Related terms: depth migration, velocity model, full-waveform inversion, crosswell seismic tomography, seismic processing

Frequently Asked Questions

What is the difference between refraction tomography and reflection tomography?

Refraction tomography uses the first-arrival travel times of seismic waves that travel along the top of the high-velocity basement or a high-velocity refractor and are refracted back to the surface — these are the "diving waves" or "head waves" that arrive before the reflected waves in a seismic record. Refraction tomography is most effective for determining near-surface velocity structure (top 500-2,000 metres) where the diving wave ray paths are concentrated. It provides smooth, long-wavelength velocity models appropriate for static corrections (removing near-surface time delays from seismic traces) but does not resolve detailed structure in the deep section. Reflection tomography uses the travel times of reflected waves from subsurface interfaces to image the velocity structure at depths below the refractor. It is effective throughout the full depth range of the seismic survey and provides the velocity model used for depth migration. Modern velocity model building workflows typically use near-surface refraction tomography to build the shallow velocity model (0-1,000 metres) and reflection tomography to update the deeper velocity model (1,000 metres to total depth of the survey), combining the strengths of both methods across the full depth range.
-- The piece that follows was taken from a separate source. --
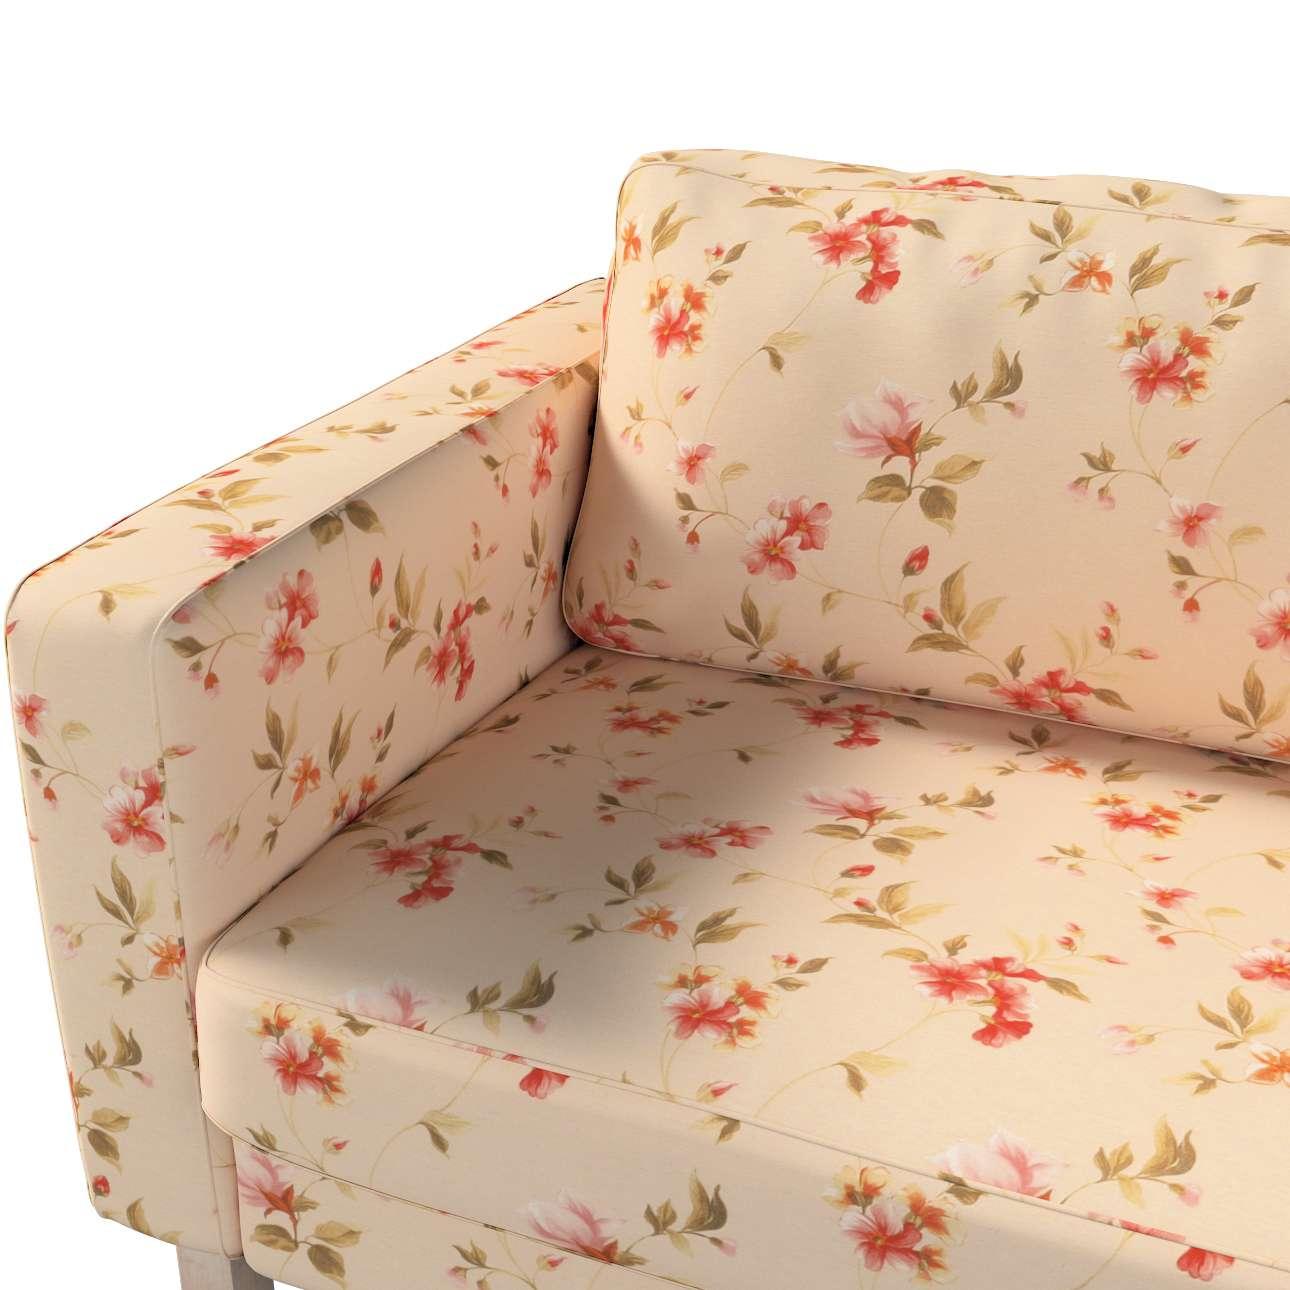 Karlstad 3-Sitzer Sofabezug nicht ausklappbar kurz von der Kollektion Londres, Stoff: 124-05

How does anisotropy affect seismic velocity tomography?

Sedimentary rocks are typically anisotropic — seismic waves travel at different speeds in different directions due to the layered fabric of the rock, aligned minerals, or aligned fractures. For marine sediments and shales, the dominant anisotropy is vertical transverse isotropy (VTI): P-wave velocity is higher horizontally than vertically in these fine-grained, horizontally-layered rocks. Standard isotropic tomography assumes seismic velocity is the same in all directions, which is incorrect for VTI media. An isotropic tomography solution will over-estimate the depth to reflectors (because the horizontally-travelling rays used to image steep structures have higher velocity than the vertical velocity assumed in the isotropic model), creating systematic structural depth errors. Anisotropic tomography simultaneously solves for the vertical velocity and the anisotropy parameters (Thomsen parameters epsilon and delta) that describe the VTI deviation from isotropy. This is more computationally demanding and requires data at multiple azimuths and offsets to resolve the anisotropy parameters independently of the velocity, but produces more accurate depth images in regions where VTI anisotropy is significant — which includes most of the world's deepwater turbidite and shale-dominated exploration provinces.